Nous avons résolu la structure du complexe de tri endosomal requis pour le transport CHMP2A-CHMP3 à 22 Å de résolution en utilisant la cryo-microscopie électronique. Ce complexe est essentiel pour le bourgeonnement de certains virus enveloppés, pour la formation de vésicules intraluminales au niveau des endosomes, et pour l’étape d’abscission de la cytokinèse. L’utilisation de siARN,des expériences de knock-down et de résonance plasmonique de surface, nous ont également permis de montrer que le polymère CHMP2A-CHMP3 observé in vitro contribue au bourgeonnement du VIH-1 grâce à l’assemblage de polymères CHMP4B.

Complexe de sporulation SpoIIIA

Membres de l’équipe impliqués : Emmanuelle Neumann et Guy Schoehn
Collaboration  : Groupe Pneumocoque IBS (Cécile Morlot)

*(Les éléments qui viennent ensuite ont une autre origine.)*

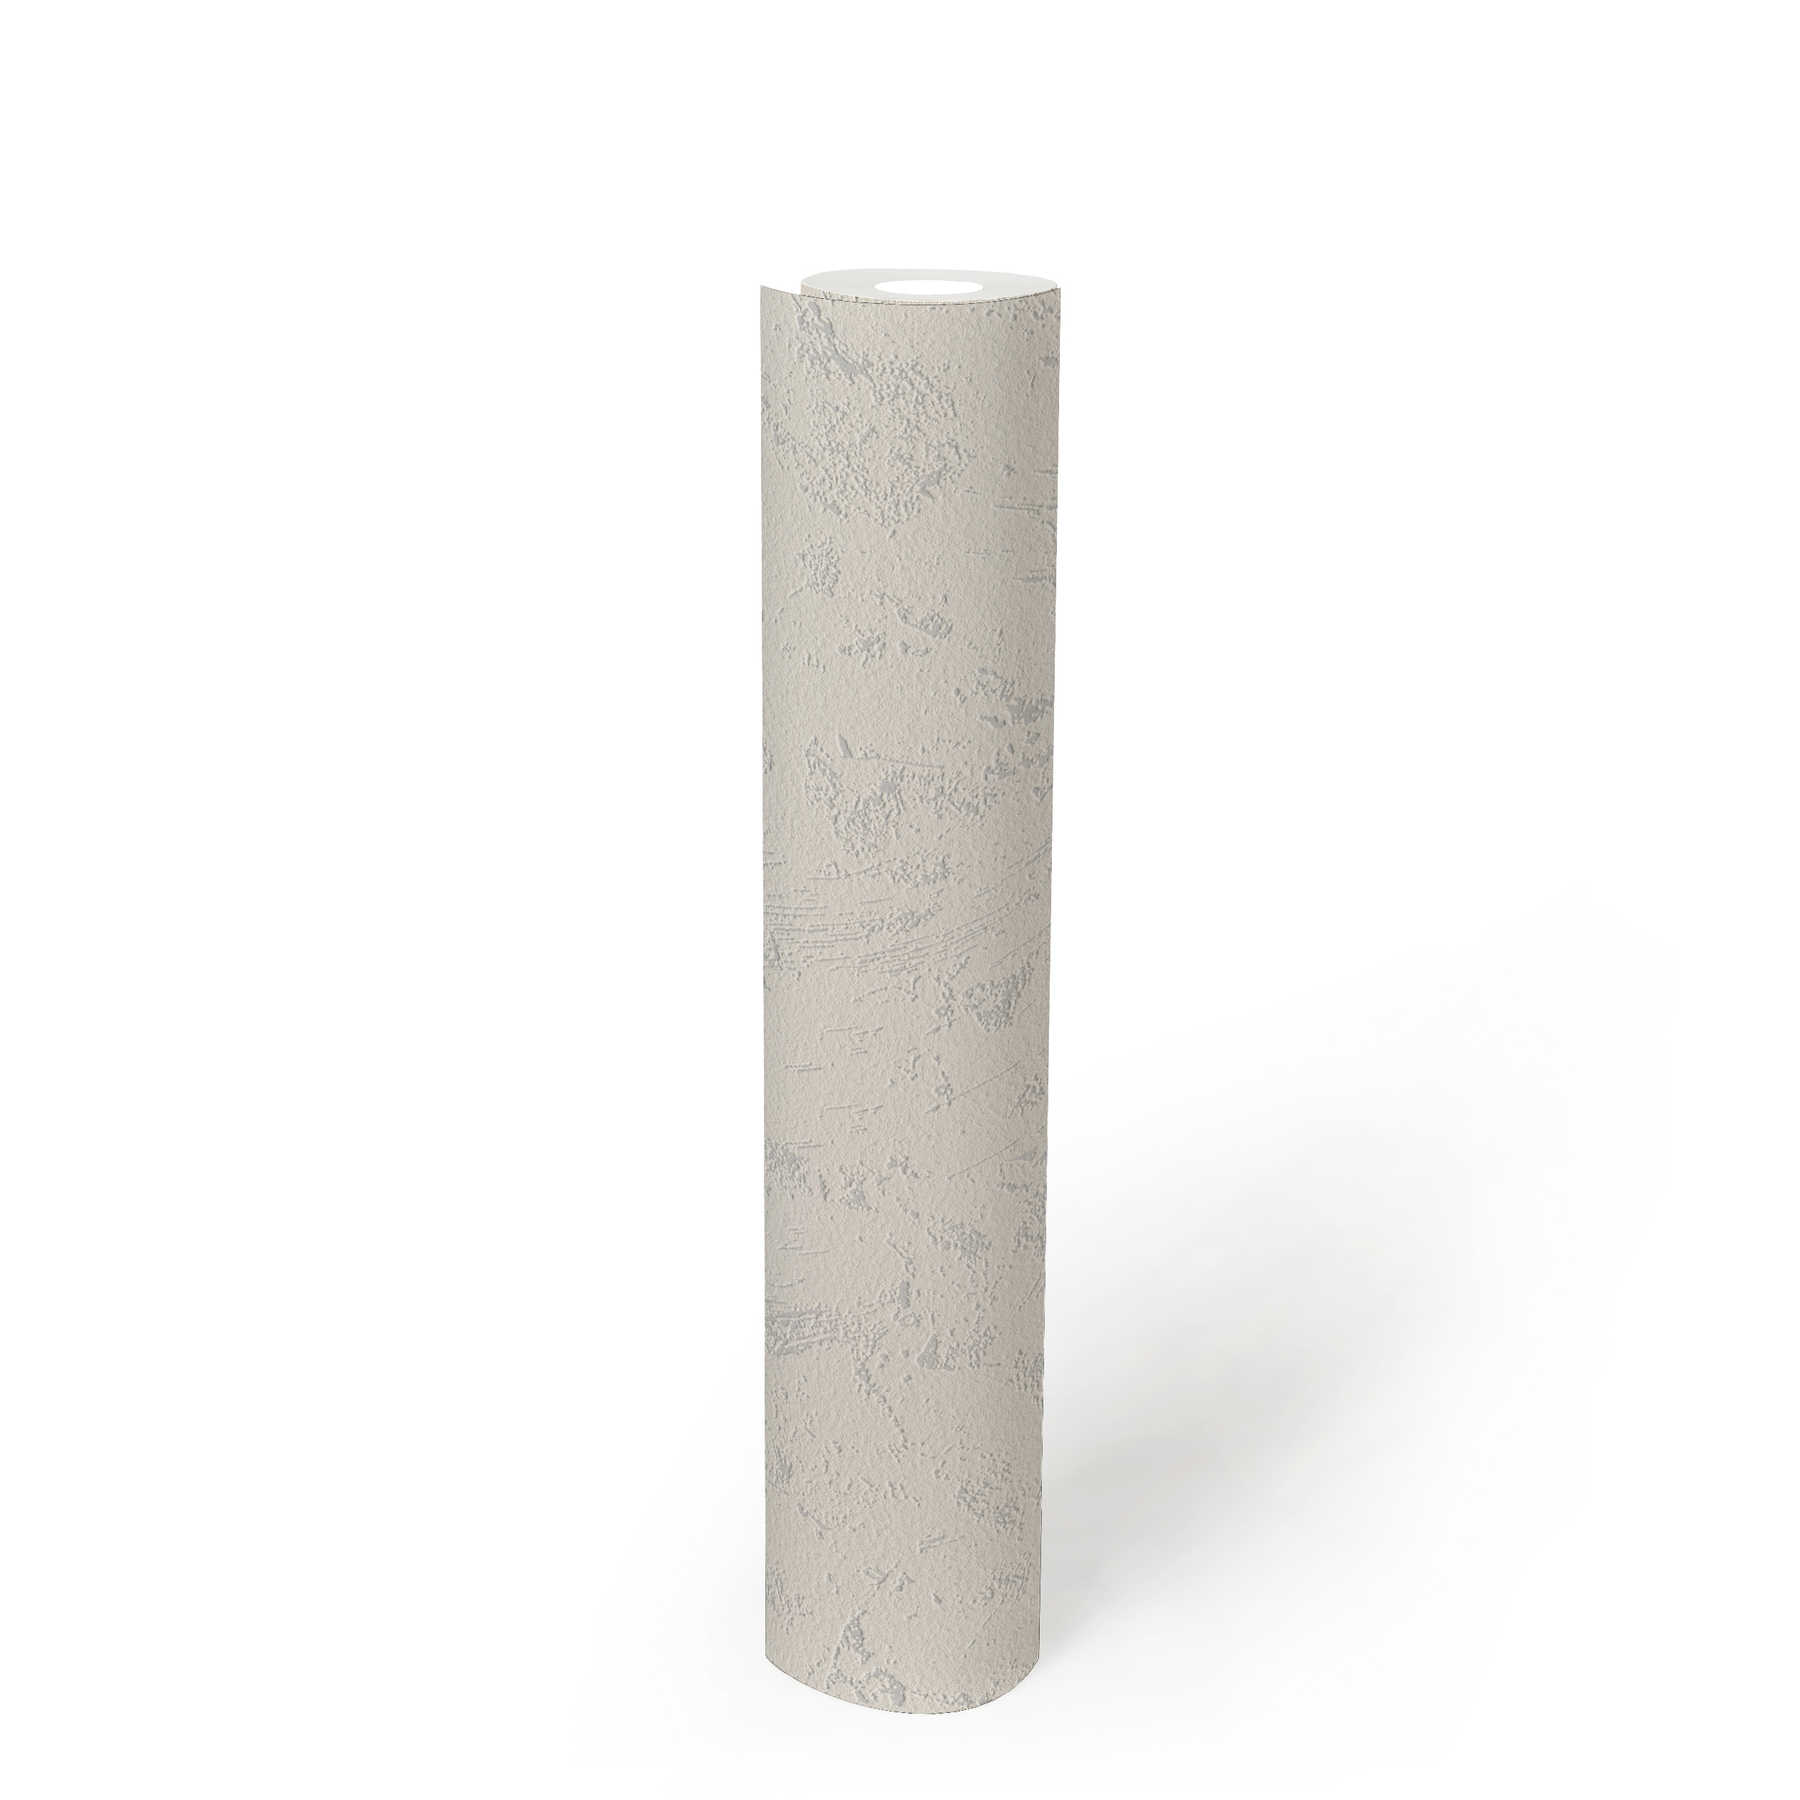             Papel pintado de aspecto de yeso con estructura de espuma
        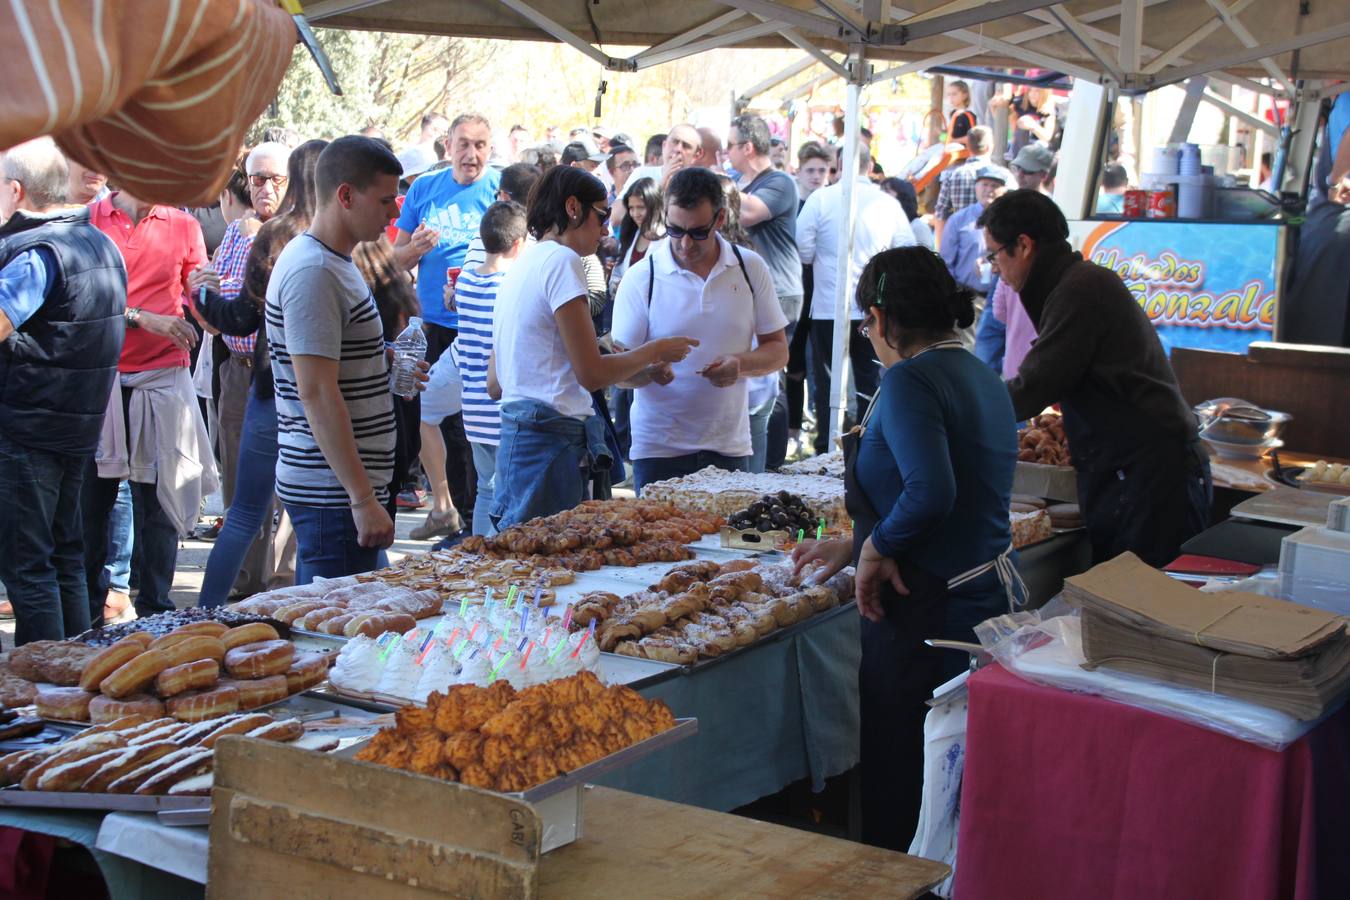 Gran ambiente en este festival gastronómico que se celebra cada año por estas fechas en Enciso.

Reconstruction 3D du complexe SpoIIIA incrustée sur un fond de coloration négative du même complexe

La sporulation bactérienne, provoquée par une carence nutritionnelle, constitue un modèle simple de différentiation morphologique qui mène à la formation d’une spore résistante à des conditions environnementales extrêmes (température, déshydratation, irradiation, …). L’une des étapes clés du cycle de développement de la spore repose sur l’assemblage d’un complexe hétéro-multimérique qui comprend au moins 9 protéines différentes (SpoIIIAA-AH et SpoIIQ) et traverse les membranes de la cellule mère et de la préspore. La fonction de ce complexe reste énigmatique mais la ressemblance des protéines SpoIIIA avec certains composants des flagelles et des systèmes de sécrétion de type II, III ou IV, suggère un rôle de sécrétion ou de transport passif d’un composant de nature inconnue de la cellule mère vers la préspore. Les groupes Pneumocoque, Microscopie Electronique et Méthodes, et RMN biomoléculaire à l’IBS, en collaboration avec le groupe de David Rudner de la Harvard Medical School à Boston, ont généré des données complémentaires en biologie structurale et cellulaires qui montrent que SpoIIIAG forme un anneau oligomérique nécessaire au développement de la préspore. La reconstruction de la structure tridimensionnelle de cet anneau par cryo-EM a révélé une architecture de type "tasse-et-soucoupe" avec un pore central de 6 nm. Cette étude apporte la première évidence directe qu’un conduit protéique connecte la cellule mère à la préspore au cours de la sporulation.

Publication :
Rodrigues CD, Henry X, Neumann E, Kurauskas V, Bellard L, Fichou Y, Schanda P, Schoehn G, Rudner DZ, Morlot C. (2016). A ring-shaped conduit connects the mother cell and forespore during sporulation in Bacillus subtilis. Proc Natl Acad Sci U S A.113(41):11585-11590.

Symétrisation de petites protéines pour résoudre leur structure par microscopie électronique

Membres de l’équipe impliqués  : Léandro Estrozi, Hélène Malet, Guy Schoehn
Collaboration : Groupe VIC de l’IBS (Carlo Petosa)

Ce projet, porté par Carlo Petosa (groupe VIC IBS) a démontré la faisabilité de la « symétrisation » d’une protéine sur un échafaudage composé par une protéine oligomérique. Nous avons ainsi résolu la structure de la Maltose Binding Protein par microscopie électronique (40 kDa) à une résolution d’environ 6-8 Å.


Reconstruction 3D du complexe de fusion génétique entre MBP et la glutamine synthétase.
La partie de droite représente en détail une partie de la GS

Publication :
Coscia F, Estrozi LF, Hans F, Malet H, Noirclerc-Savoye M, Schoehn G, Petosa C. (2016). Fusion to a homo-oligomeric scaffold allows cryo-EM analysis of a small protein. Sci Rep. 6:30909.

Complexe C1

W.L. Ling, 2010

Membres de l’équipe impliqués  : Christine Moriscot, Wai Li Ling, Guy Schoehn
Collaboration : Groupe IRPAS de l’IBS (Nicole Thielens)

Nous étudions le complexe C1 du système immunitaire inné et sa cible de reconnaissance : l’unité C1q en interaction avec différents ligands. Ces différents ligands sont des protéines comme LDL (« low density lipoprotein »), la calreticuline, le prion, ou encore des nanotubes de carbone employés couramment en nanotechnologie.

Publications :
Gaboriaud C, Ling WL, Thielens NM, Bally I, Rossi V (2014). Deciphering the fine details of c1 assembly and activation mechanisms : "mission impossible" ? Front Immunol. 2014 Nov 6 ;5:565.
Bally I, Ancelet S, Moriscot C, Gonnet F, Mantovani A, Daniel R, Schoehn G, Arlaud GJ, Thielens NM (2013). Expression of recombinant human complement C1q allows identification of the C1r/C1s-binding sites. Proc Natl Acad Sci U S A. 2013 May 21 ;110(21):8650-5.